Good Peter, to hide her face; for her fan’s the fairer face.
Nurse
God ye good morrow, gentlemen.
Mercutio
God ye good-den, fair gentlewoman.
Nurse
Is it good-den?
Mercutio
’Tis no less, I tell ye; for the bawdy hand of the dial is now upon the prick of noon.
Nurse
Out upon you! What a man are you?
Romeo
One, gentlewoman, that God hath made for himself to mar.
Nurse
By my troth, it is well said; for himself to mar, quoth a? Gentlemen, can any of you tell me where I may find the young Romeo?
Romeo
I can tell you: but young Romeo will be older when you have found him than he was when you sought him. I am the youngest of that name, for fault of a worse.
Nurse
You say well.
Mercutio
Yea, is the worst well? Very well took, i’faith; wisely, wisely.
Nurse
If you be he, sir, I desire some confidence with you.
Benvolio
She will endite him to some supper.
Mercutio
A bawd, a bawd, a bawd! So ho!
Romeo
What hast thou found?
Mercutio
No hare, sir; unless a hare, sir, in a lenten pie, that is something stale and hoar ere it be spent.
[Sings.]
An old hare hoar,
And an old hare hoar,
Is very good meat in Lent;
But a hare that is hoar
Is too much for a score
When it hoars ere it be spent.
Romeo, will you come to your father’s? We’ll to dinner thither.
Romeo
I will follow you.
Mercutio
Farewell, ancient lady; farewell, lady, lady, lady.

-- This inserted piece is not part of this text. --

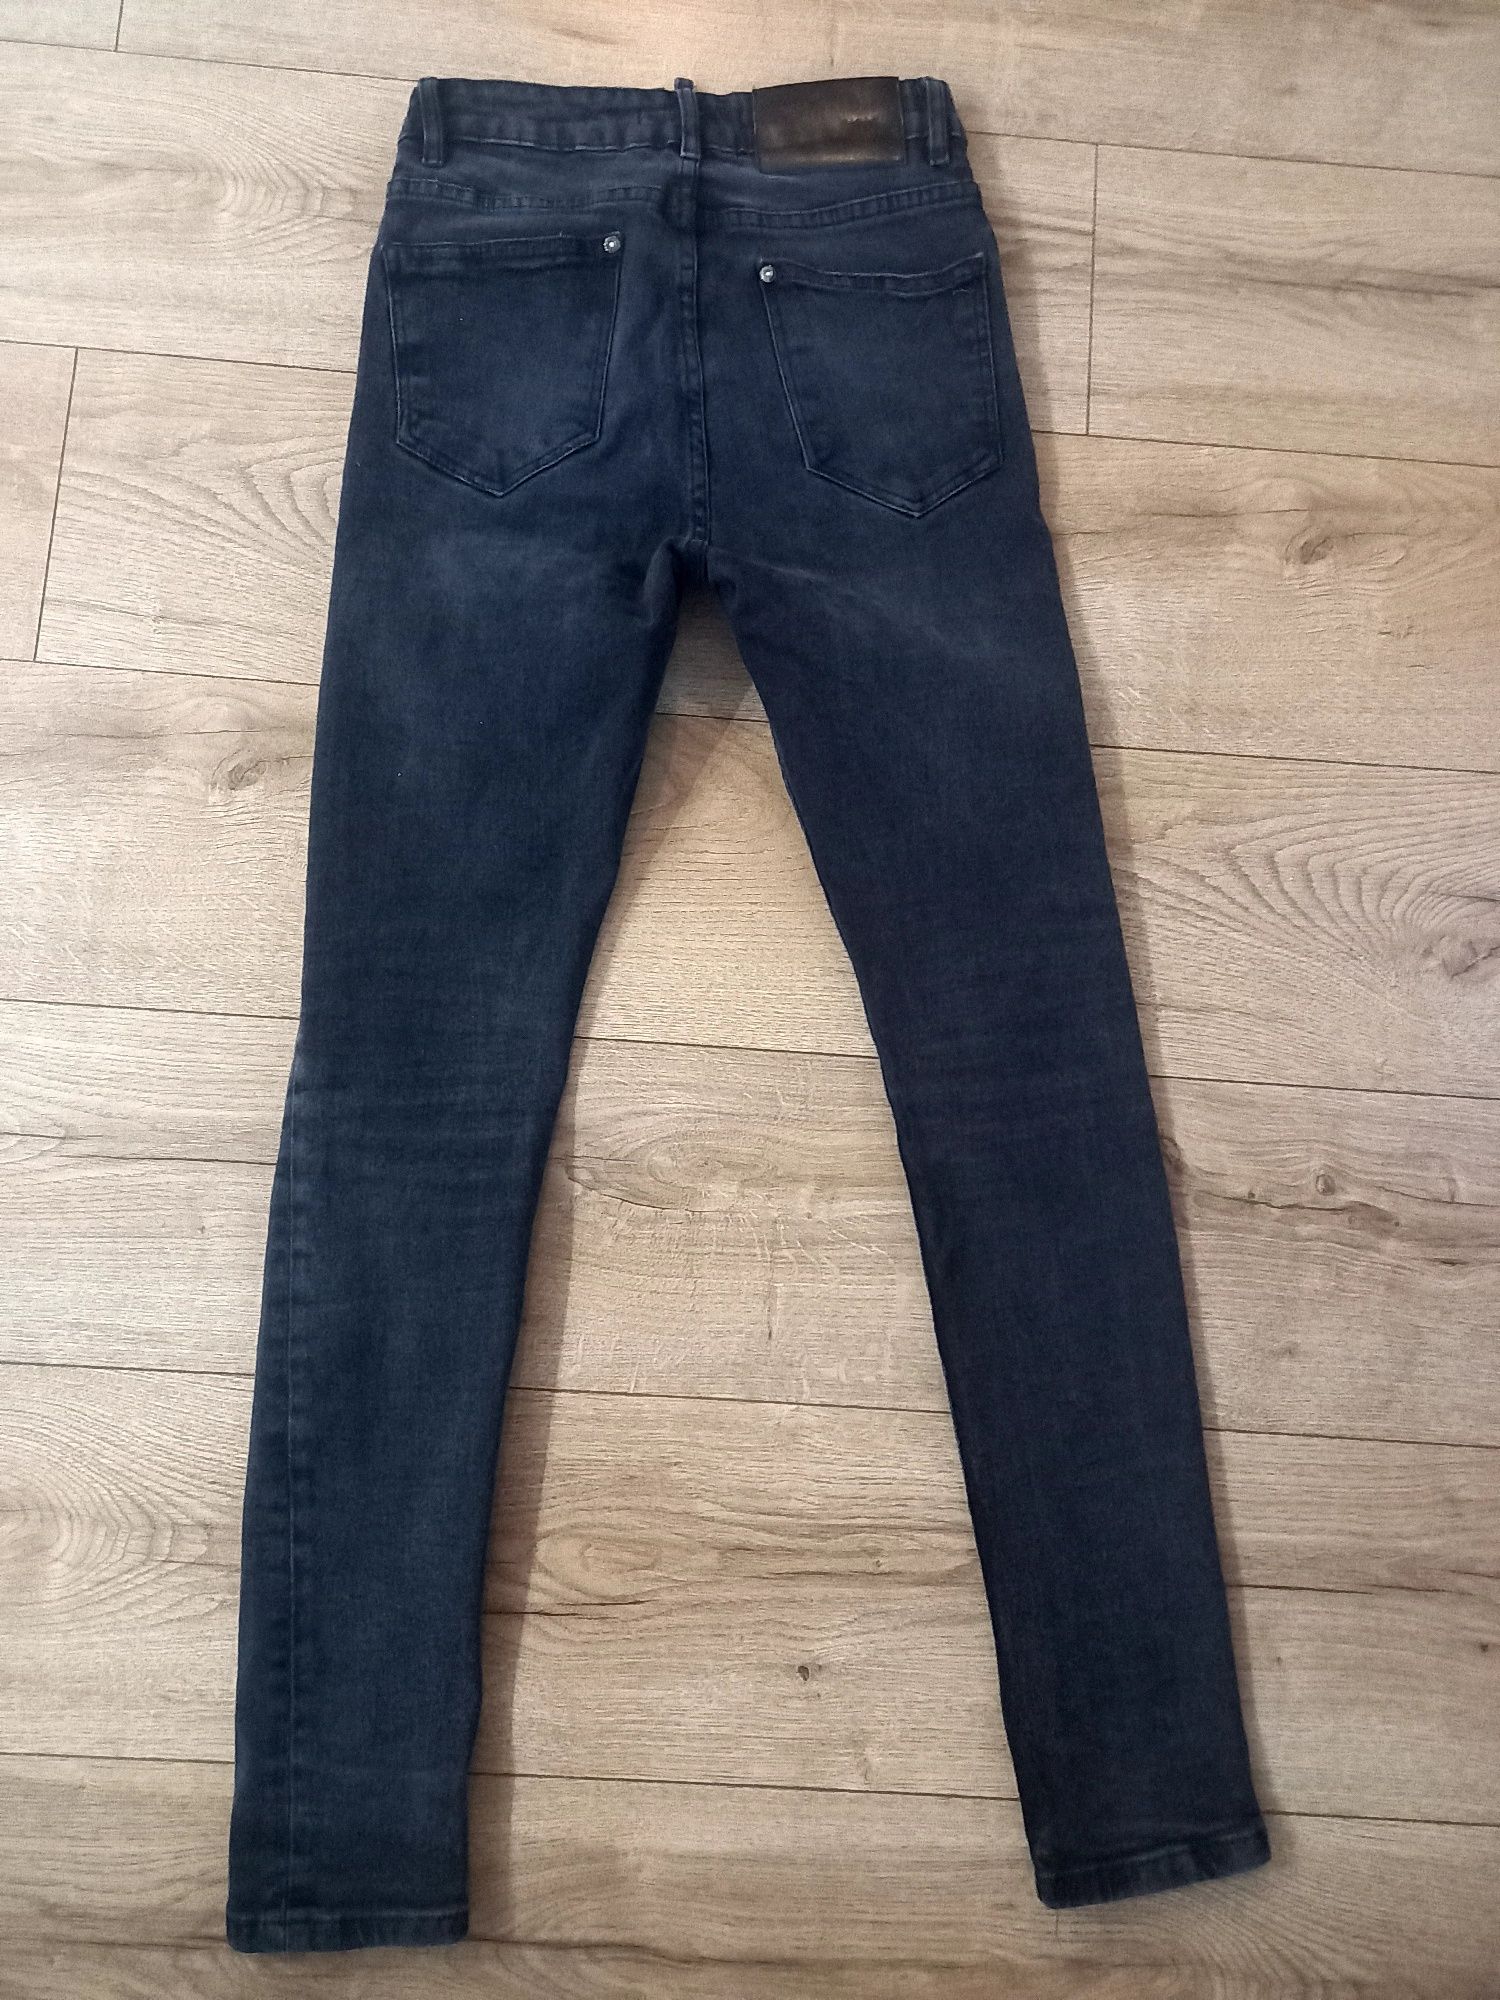 Spodnie jeansy skinny męskie chłopięce skinny czarno-szare Zara r. 36

[Exeunt Mercutio and Benvolio]
Nurse
I pray you, sir, what saucy merchant was this that was so full of his ropery?
Romeo
A gentleman, Nurse, that loves to hear himself talk, and will speak more in a minute than he will stand to in a month.
Nurse
And a speak anything against me, I’ll take him down, and a were lustier than he is, and twenty such Jacks. And if I cannot, I’ll find those that shall. Scurvy knave! I am none of his flirt-gills; I am none of his skains-mates.-And thou must stand by too and suffer every knave to use me at his pleasure!